Investors in Palantir Technologies Inc. (NASDAQ:PLTR), a major player in big data and AI software, experienced a volatile week as shares fell sharply from a peak of $125 earlier this week to $106 at the end of the week. This came as news came out about a memo from Pete Hegseth calling for a significant 8% cut in the defense budget over the next 5 years, which could hit Palantir given their presence in the defense and intelligence community. Additionally, Palantir’s CEO Alex Karp adopted a new trading plan allowing up to $1.2BN shares to potentially be sold until Sept. 12, to which the market apparently also reacted negatively.

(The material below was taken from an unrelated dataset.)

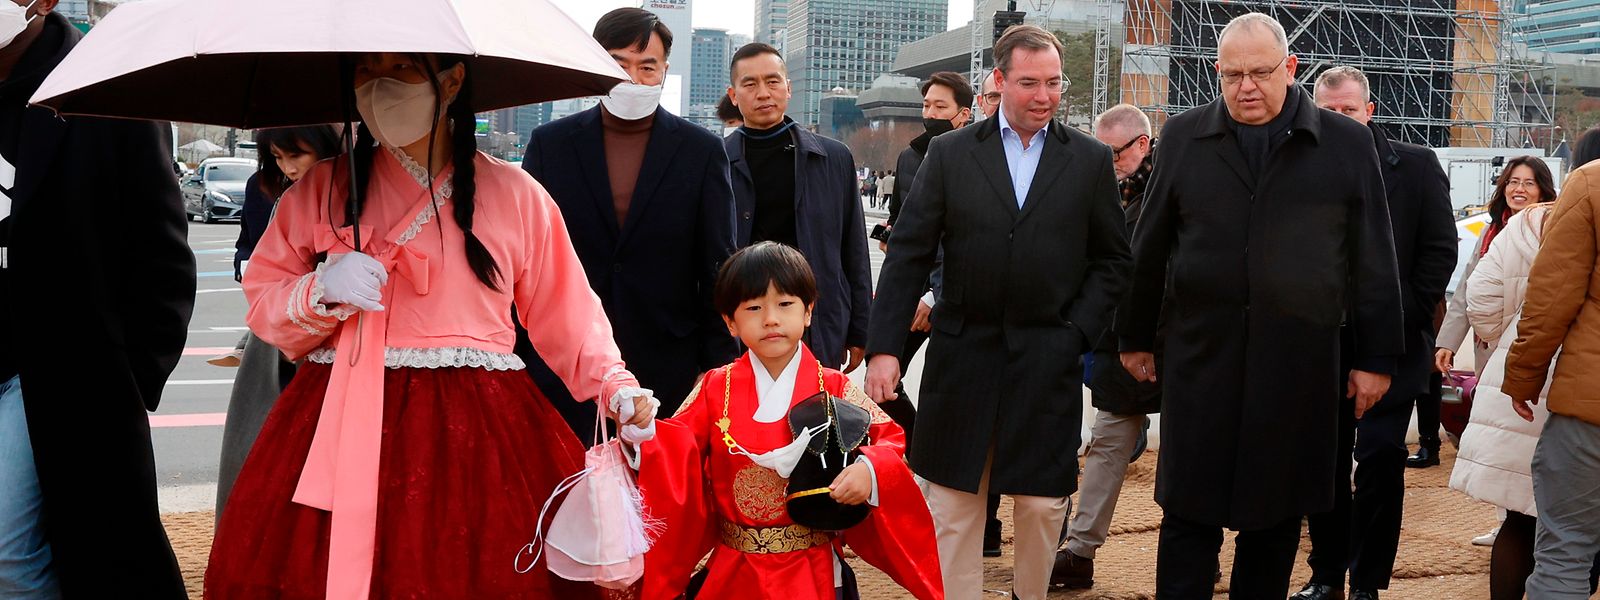 Erbgroßherzog Guillaume und Botschafter Pierre Ferring auf dem Weg zur größten der Tempelanlagen in Seoul.

In our view, the developments from the DoD are not overly significant given the scope of the proposals, in addition to the fact that Palantir is continuing to shift from government to commercial with AIP as steam is building in the commercial segment in the U.S. as more wind comes from broader AI adoption. What we do see as a significant issue has to do with Palantir’s valuation, as we will explain further in this article, which, we believe, has currently entered the realm of irrational exuberance, and our reasoning for downgrading Palantir from a “Sell” to a “Strong Sell” as we believe the top is likely in.